Fixing the vessels position with and without current

Introduction
During the course of Navigation on the coast, quite often you may find
that there is only one conspicuous object for taking a bearing. Under
these conditions it becomes necessary to use the methods explained.

Running fix without current:


This method of position fixing is used when there is only one terrestrial
object available for observing at any given time i.e., a lighthouse or light
vessel whose position is known, without any means for measuring the
distance from the object i.e. Radar out of order etc.
Running fix method uses the technique of transferring a position line. In
this method, a position line is the observed bearing. Provided all
conditions such as the engine speed and course steered are known
between the observations, the position lines can be transferred without
loss of accuracy.
In the figure, AB is the first observed bearing (position line). At the time
of observation the vessel lay somewhere along this line.

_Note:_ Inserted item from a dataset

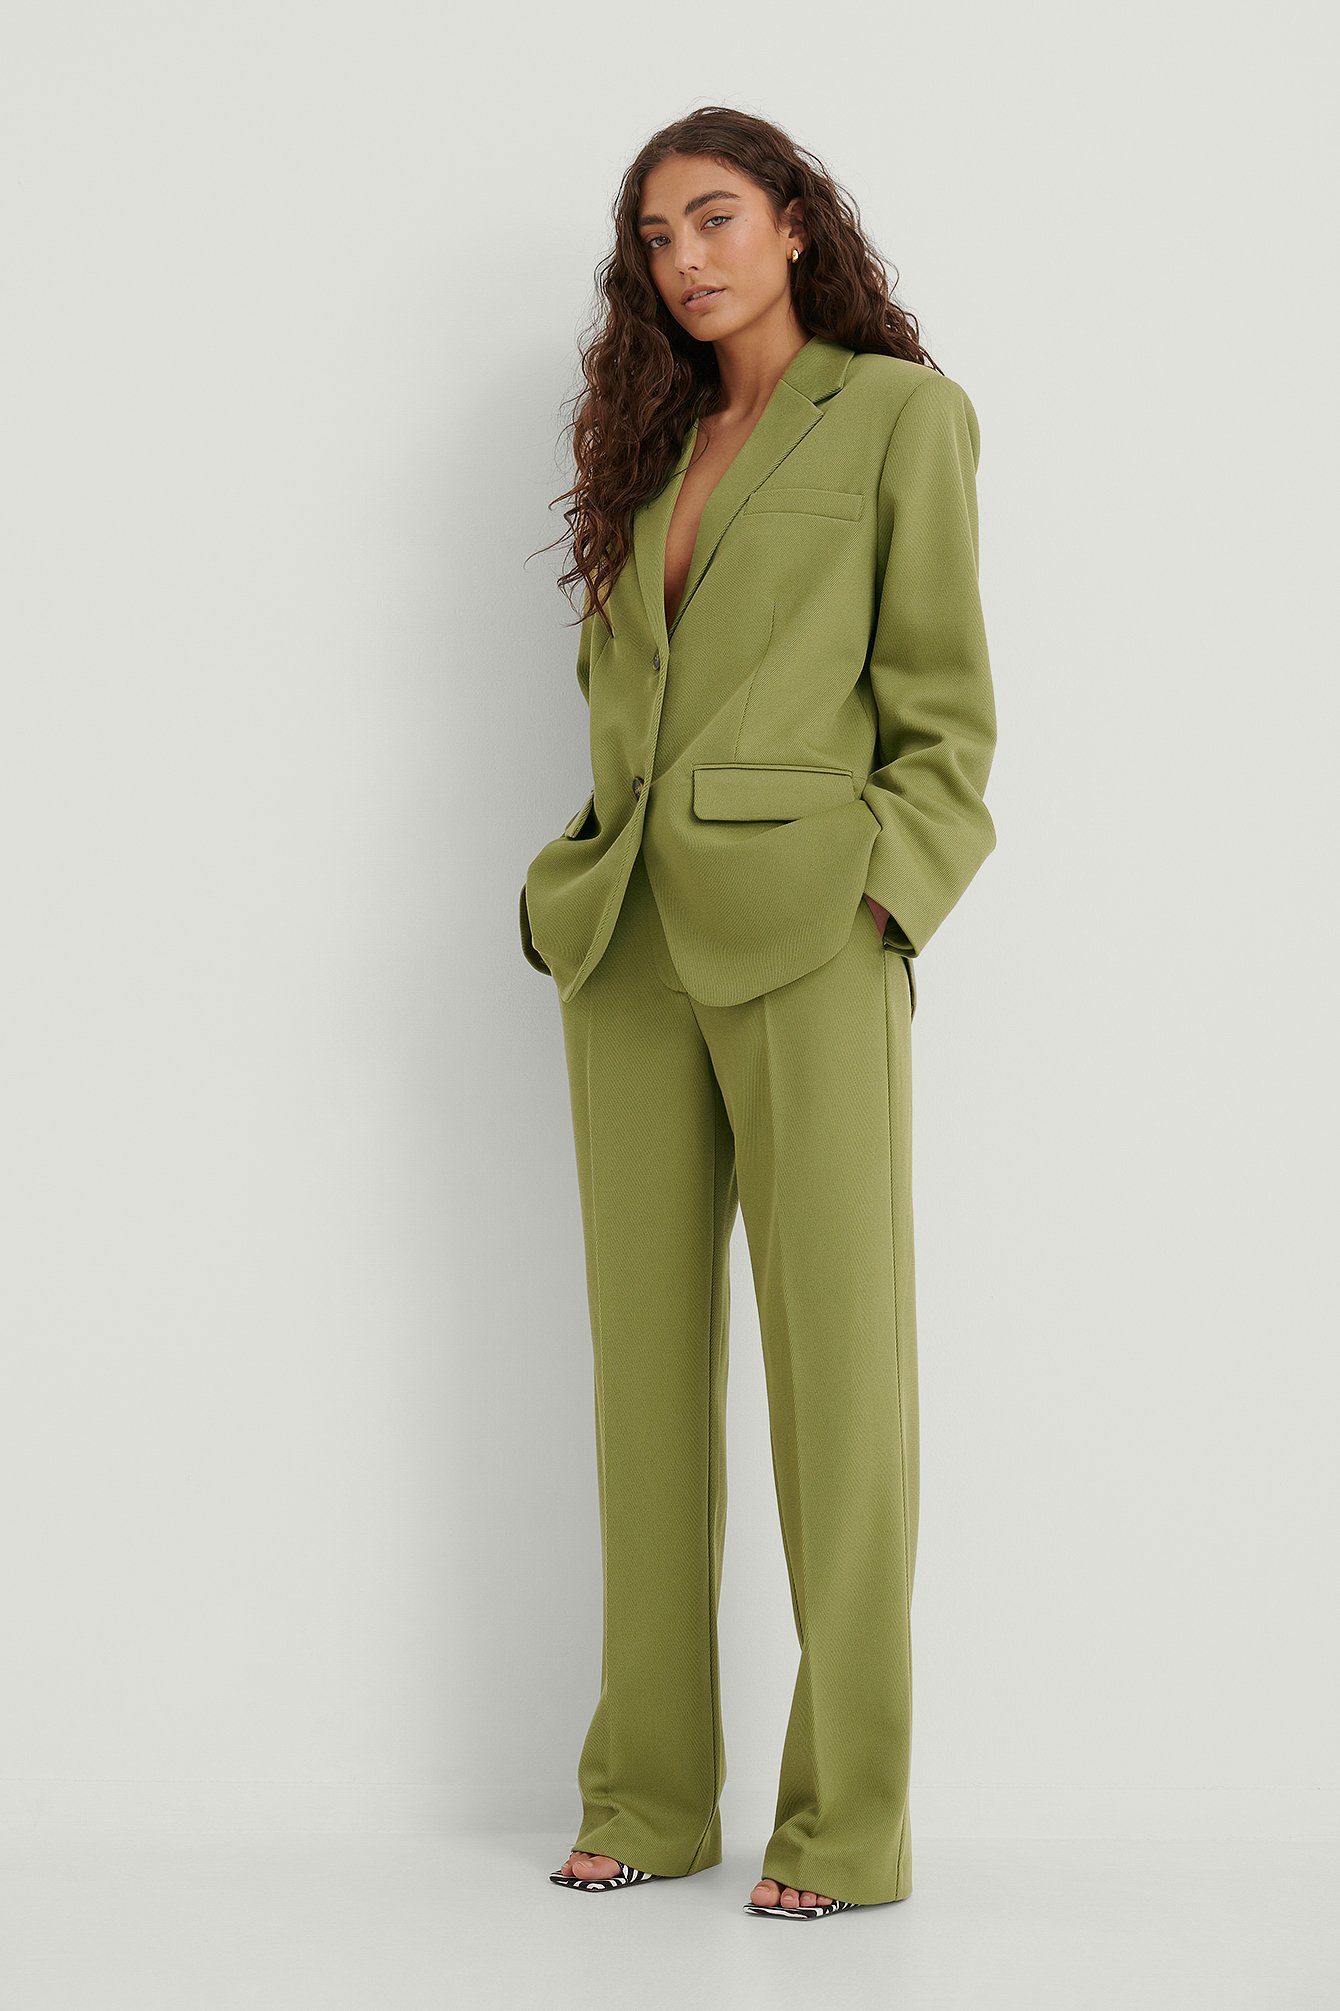 Green Twill Suit Pants

If the vessel
was steaming a course for a known period of time provided engine
speed, course etc. remain unchanged, line AB can be made to run for
that period along the course steamed to A’ B’. Thus the vessel should
now lie somewhere along A’ B’ which is a transferred position line.
(TPL).
We can best explain the method, with the help of illustration given
below:

While steering a course of 070 (T) “A” light bore 014 (T) at 1000
hours, and the same light bore 304 (T) at 1030 hours, find the ship’s
position at 1000 hours and at 1030 hours. Speed by ship’s log 12 knots.
You can try this on any chart assuming a position for the given light and
work on the same lines.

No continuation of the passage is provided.